**EXERCISE GOAL**
Your output is to hold only the lines from the one showing "Mercure-425063-Compresor-de-Aire-1500-W-230-V-Gris" through the end of the listing, exactly, with every picture excluded.

**SUPPLIED DATA**
********************

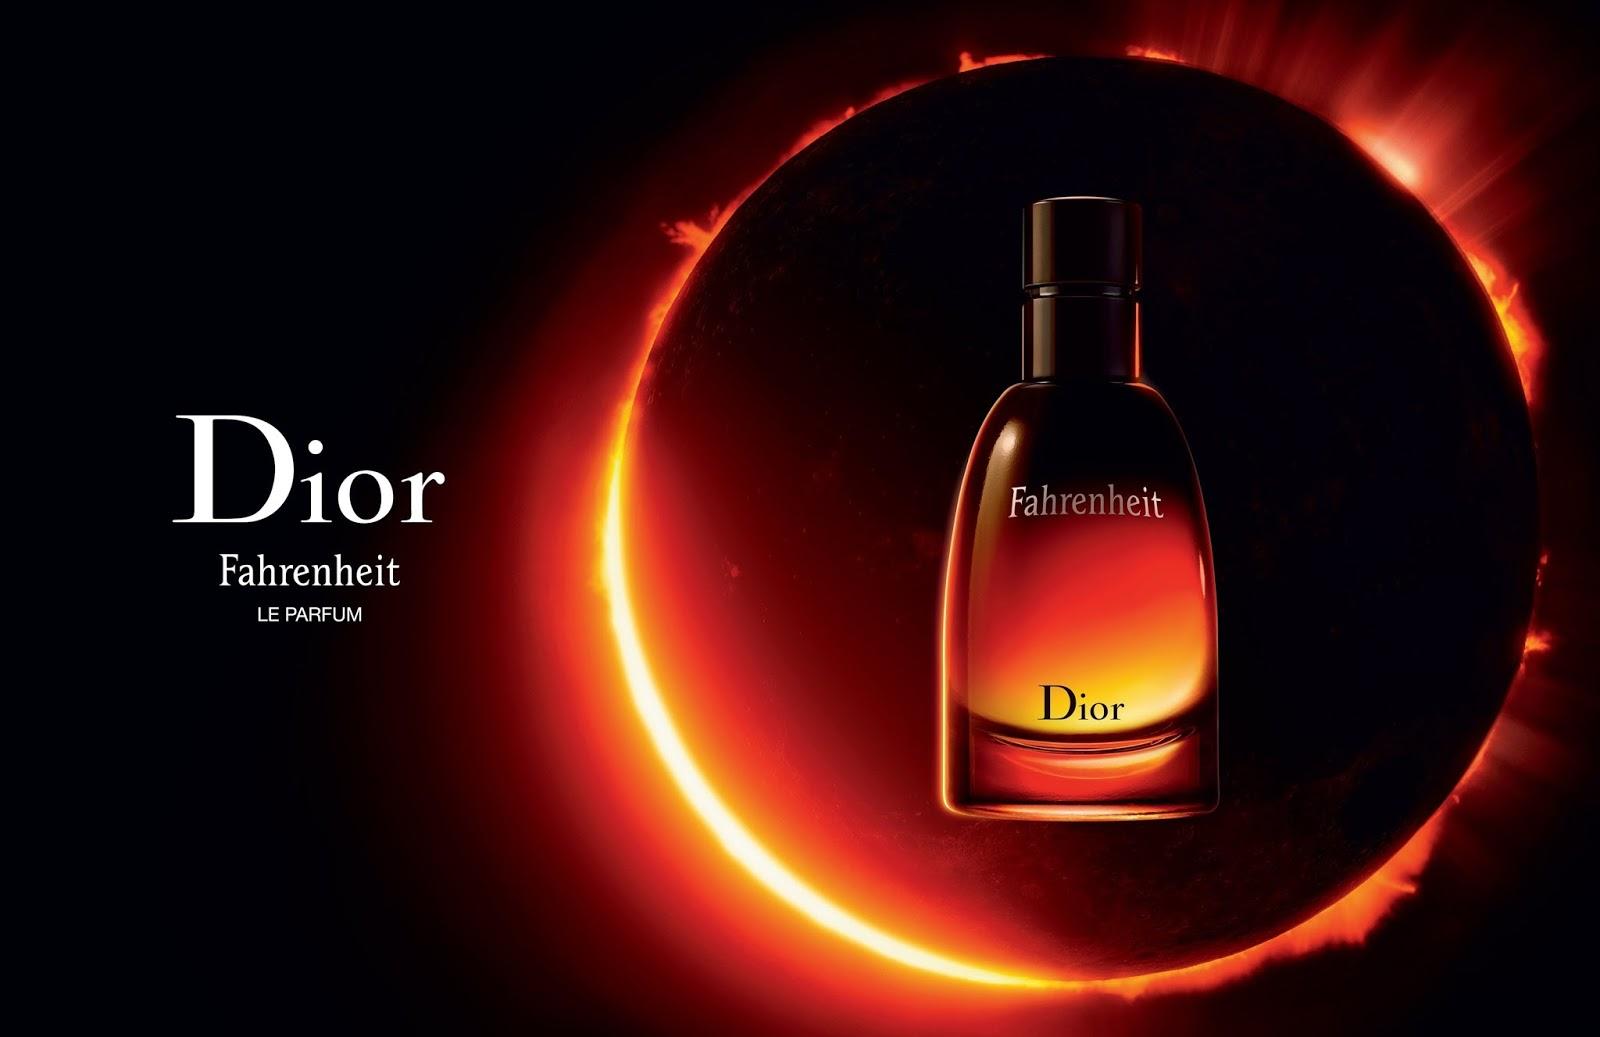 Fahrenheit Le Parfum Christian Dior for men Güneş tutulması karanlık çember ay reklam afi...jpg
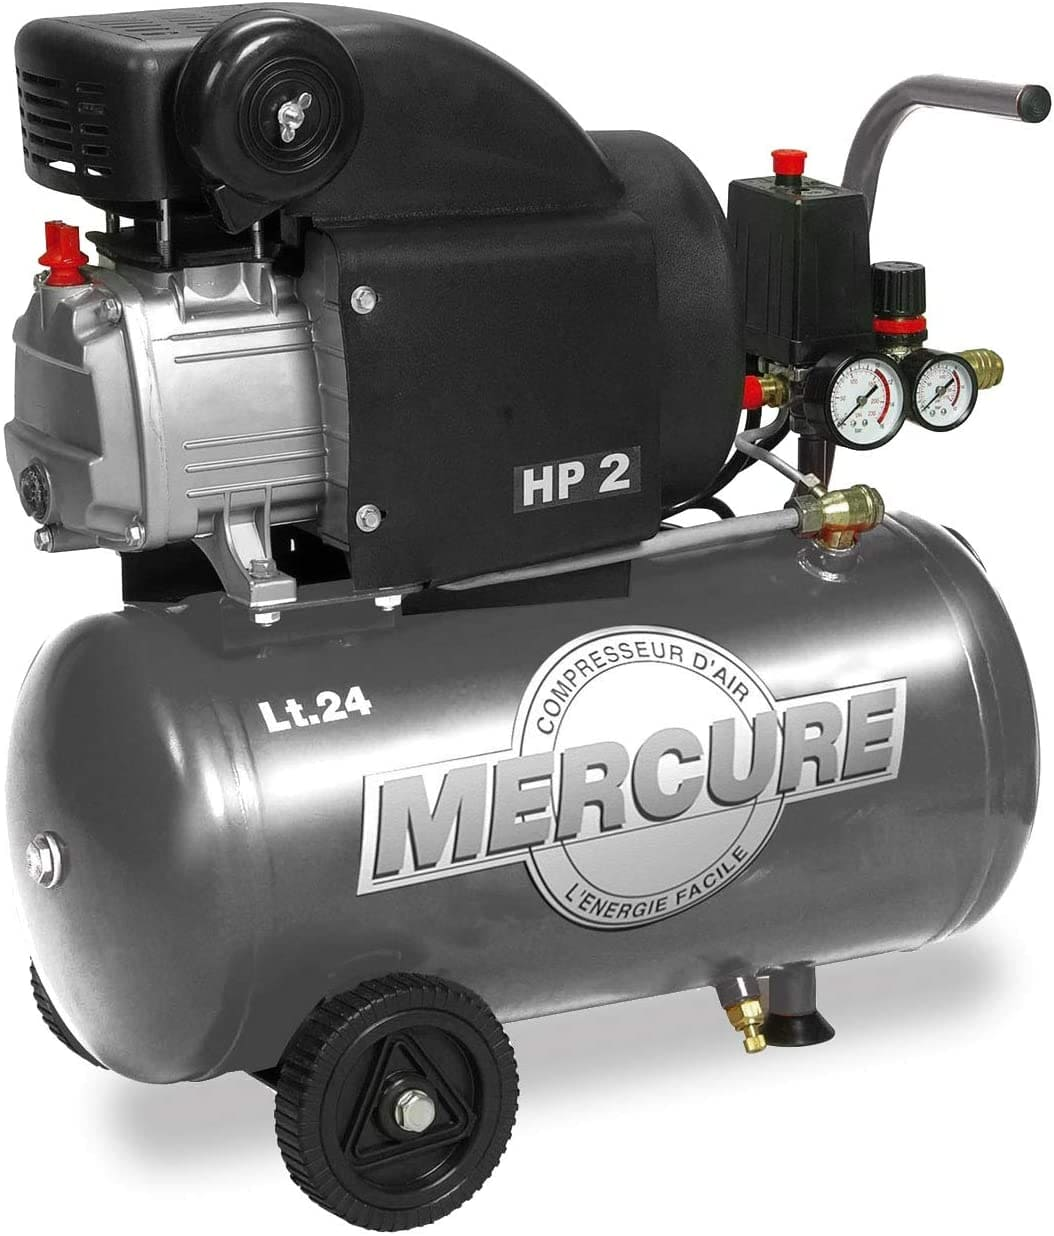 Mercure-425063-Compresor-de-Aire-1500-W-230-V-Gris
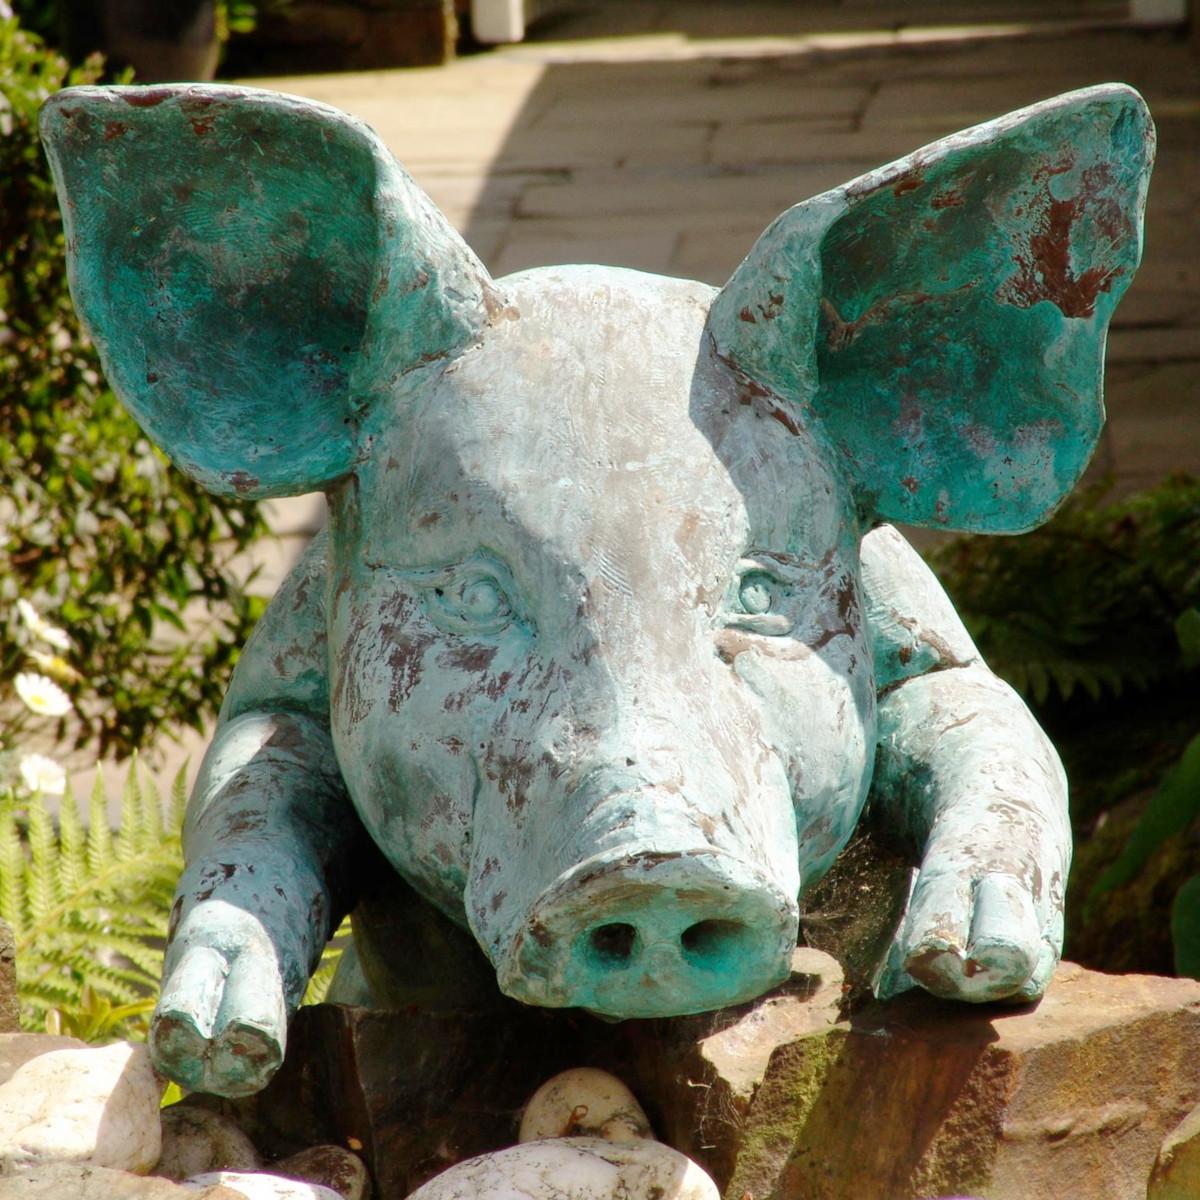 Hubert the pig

********************

**SOLUTION FOR THIS EXERCISE**
 Mercure-425063-Compresor-de-Aire-1500-W-230-V-Gris
 Hubert the pig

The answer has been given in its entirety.